This is less useless than you think. Captioning video could allow for video to b...

CamelCaseName · on May 30, 2018

I think he is stating that the quality of the transcription is poor.

ehsankia · on May 30, 2018

You don't need amazing transcription to search a video. A video about X probably repeats X multiple times, and you only really need to detect it properly once.

As for the users, sure the translation may not be perfect, but I'm sure if you were deaf had no other way of watching a video, you would be just fine with the current quality of the transcription.

dx034 · on May 30, 2018

Often you need exactly that. Because it's the unique words the machine will get wrong. If you look for machine learning tutorials/presentations that mention a certain algorithm, the name of it must be correctly transcribed. At the moment, it appears to me that 95%+ of words work but exactly the ones that define a video often don't. But then again getting those right is hard, there's not much training data to base it on.

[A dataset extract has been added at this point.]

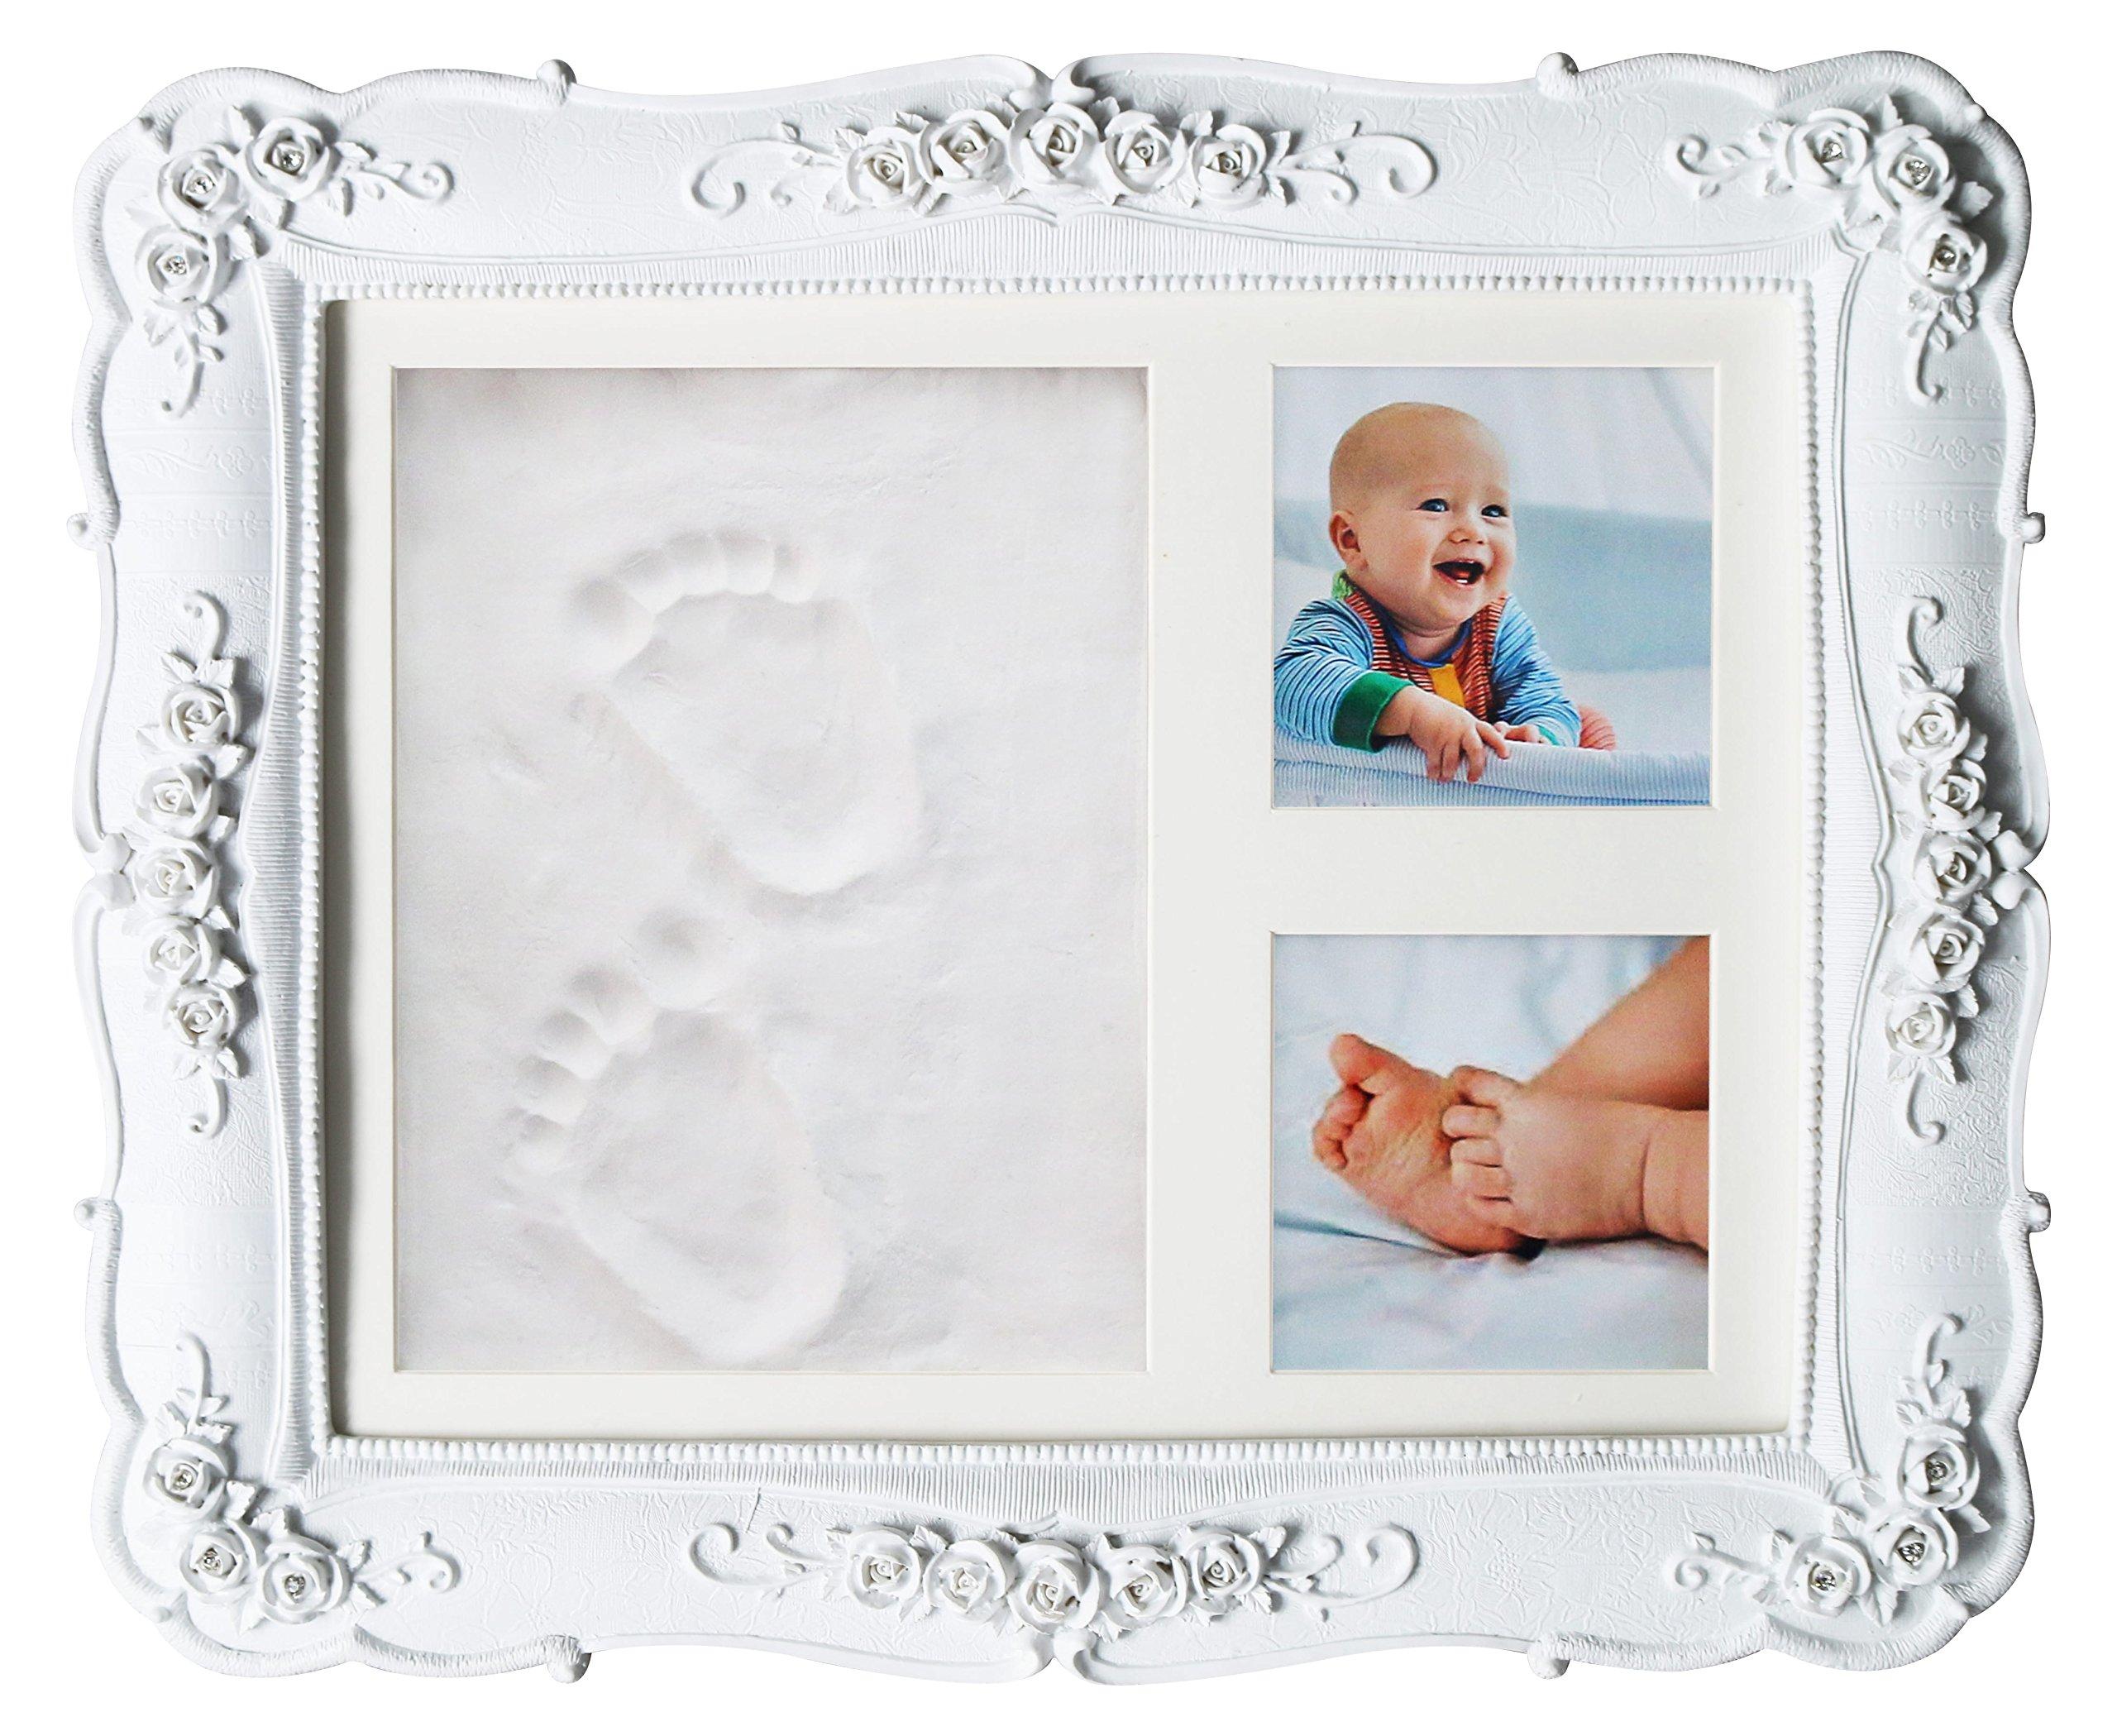 Unique Baby Shower Handprint Footprint Clay kit Frame for Newborns ...

cooper12 · on May 30, 2018

They mean useless in the end result. Of course having perfect captions could potentially allow indexable videos, but the case is that the captions suck. They're so bad in fact that it's a common meme on Youtube comments for people to say "Go to timestamp and turn on subtitles" so people can laugh at whatever garbled interpretation the speech recognition made.

nopinsight · on May 30, 2018

Have you used/tried them recently? The improvement relative to 5 years ago is major.

At least in English, they are now good enough that I can read without listening to the audio and understand almost everything said. (There are still a few mistakes here and there but they often don’t matter.)

ballenf · on May 30, 2018

Yes I’ve had to turn them off on permanently. Felt I could follow video better without sound often than with subtitles.

I tried to help a couple channels to subtitle and the starting point was just sooo far from the finished product. I would guess I left 10% intact of the auto-translation. Maybe it would have been 5% five years ago; when things are this bad 100% improvement is hard to notice.

It is super cool how easy it is to edit and improve the subtitles for any channel that allows it.

buvanshak · on May 30, 2018

>understand almost everything said...

If by 'almost everything', you mean stuff that a non native English speaker could have understood anyway, then yes.

nopinsight · on May 30, 2018

I'd say the current Youtube autocaptioning system is at an advanced nonnative level (or a drunk native one :)) and it would take years of intensive studying or living in an English-speaking country to reach it.

The vast majority of English learners are not able to caption most Youtube videos as well as the current AI can.

You underestimate the amount of time required to learn another language and the expertise of a native speaker. (Have you tried learning another language to the level you can watch TV in it?)

Almost all native speakers are basically grandmasters of their mother tongue. The training time for a 15-year-old native speaker could be approx. 10 hours * 365 days * 15 years = 54,750 hours, more than the time many professional painists spent on practice.

AstralStorm · on May 30, 2018

Not true. The problem with Google captioning and translate is that unlike a weak speaker it makes critical mistakes completely misunderstanding the point.

A weak speaker may use a cognate, idiom borrowed from their native tongue or a similar wrong word more often. The translation app produces completely illegible word salad instead.

nopinsight · on May 30, 2018

I was talking exclusively about auto-captioning, which has >95% accuracy for reasonably clear audio. Automatic translation still has a long way to go, I agree.

Schoolmeister · on May 30, 2018

To be honest, as the other child comment said, I too have noticed they have gotten way better in the last 5 years. Also, the words of which it isn't 100% sure are in a slightly more transparent gray than the other words, which kind of helps.